- The paper introduces a unified Tool-to-Agent Retrieval framework that embeds both tools and agents in a shared vector space to improve query routing and context fidelity.
- It employs a dual-layer indexing and top-K retrieval process to preserve fine-grained tool metadata while optimizing multi-step query handling.
- Experimental evaluations show up to 19.4% improvement in Recall@5 and 17.7% in nDCG@5, demonstrating enhanced scalability and robustness.
Introduction
Recent developments in LLM multi-agent systems have allowed scalable orchestration through the use of sub-agents that coordinate numerous tools and Model Context Protocol (MCP) servers. Traditionally, retrieval methods matched queries with broad agent-level descriptions before routing, often masking specific tool functionalities.

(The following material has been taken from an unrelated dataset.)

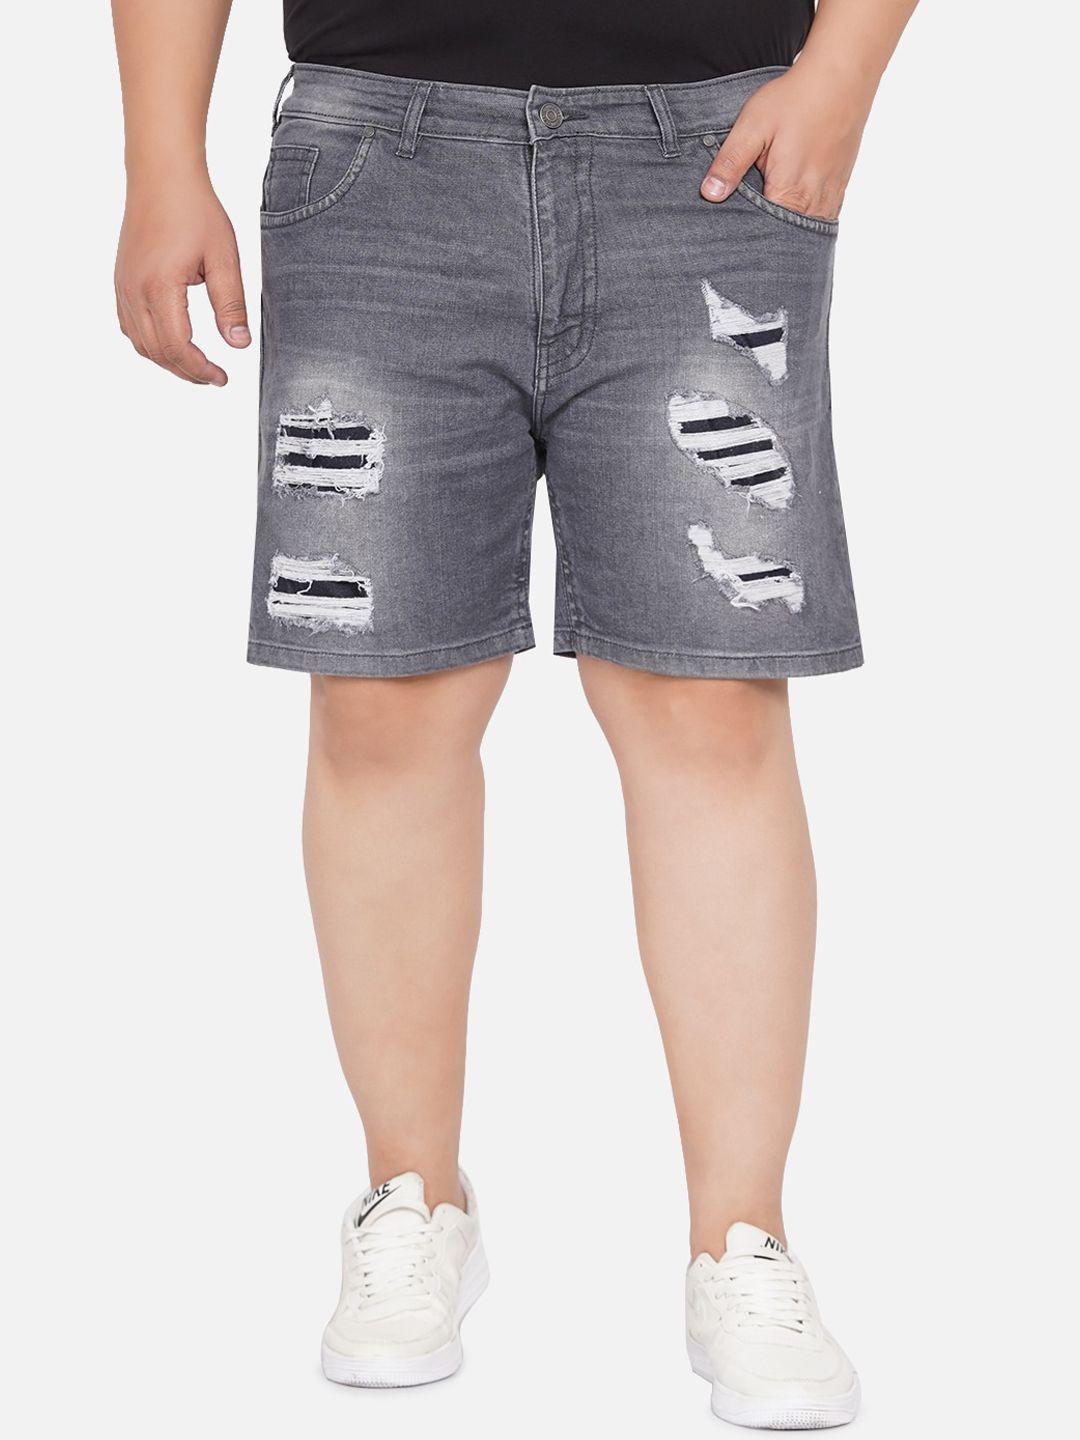 john pride men grey printed denim shorts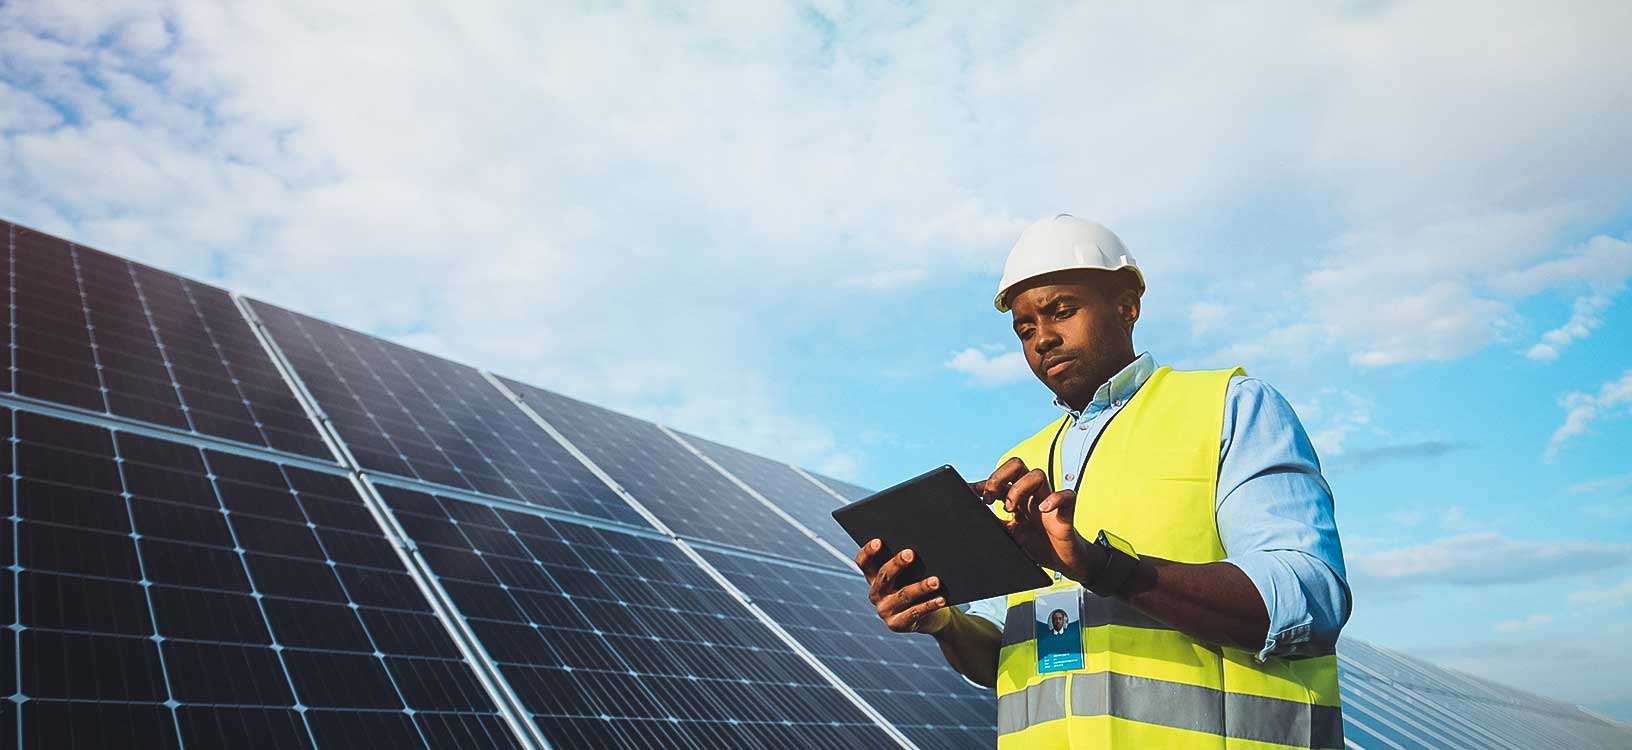 Gerente de operações verifica o status operacional atual de um parque de energia solar usando um tablet.

This paper proposes a unified Tool-to-Agent Retrieval framework that embeds both tools and agents within a shared vector space, facilitating joint retrieval and traversal while preserving fine-grained tool-level data without terminal context dilution.
Conceptual Framework
Tool-to-Agent Retrieval is designed to efficiently navigate LLM multi-agent systems by embedding tools and agents in a unified vector space, using metadata relationships to bridge them. This enables the system to reach decisions on whether to address an agent or a specific tool based on the query requirements, thus optimizing retrieval performance.
Figure 1: Comparison of agent-only retrieval (left) and the proposed Tool-to-Agent Retrieval (right), which embeds tools and agents in a shared vector space to support joint retrieval and traversal.
By employing this embedding technique, both tool and agent capabilities are assessed at retrieval, facilitating more precise routing in multi-step queries. Consequently, the framework circumvents the challenges associated with agent-first and tool-only retrieval by supporting diverse query specifications.
Retrieval Procedure
The retrieval process uses a top-K approach, where entities are ranked via semantic similarity to user queries and a unified index is utilized to fetch the most fitting tool or agent bundle. Here, N entities are initially retrieved, significantly larger than K, then appropriately sorted by agent relevance before final selection. Algorithm~\ref{alg:cta-select} provides a detailed step-by-step procedure for the retrieval process, ensuring robust scalability and adaptability to complex workflows.
Within the combined corpus, each tool is linked to its parent MCP server using explicit metadata, while agents serve as parent nodes within the retrieval graph. This structure ensures that even when a tool is retrieved individually, its operational context through the parent agent is preserved.
Experimental Evaluation
Dataset and Protocol
The evaluation uses the LiveMCPBench dataset, which encompasses an extensive collection of 70 MCP servers and 527 distinct tools linked to 95 annotated real-world queries. Through comparative evaluation against baseline methods, including BM25, ScaleMCP, and others, the Tool-to-Agent Retrieval approach demonstrates superior performance.
Across metrics such as Recall@5 and nDCG@5, Tool-to-Agent Retrieval achieves significant improvements. For example, enhancements of 19.4% in Recall@5 and 17.7% in nDCG@5 over previous best-performing agent retrieval systems were observed. This consistent performance is evident across various embedding models, including proprietary systems such as Amazon Titan and open-source alternatives like MiniLM.
Generalizability and Scalability
Scalability is largely attributed to the dual-layer indexing of both tools and agents, which enables finer semantic alignment while retaining crucial agent context. Notably, leveraging both tool and agent data allows superior retrieval outcomes, confirmed by model-agnostic improvements and increased robustness in multi-step workflow scenarios.
Conclusion
The Tool-to-Agent Retrieval framework presents a robust method to enhance agent and tool retrieval in LLM multi-agent systems. By unifying tools and agents within a shared vector space, embedded with metadata linkage, the system enhances retrieval precision and context fidelity, delivering notable gains over conventional methods. The demonstrated improvements in standard retrieval benchmarks suggest future research should explore further integration of retrieval architectures and their dynamic scalability.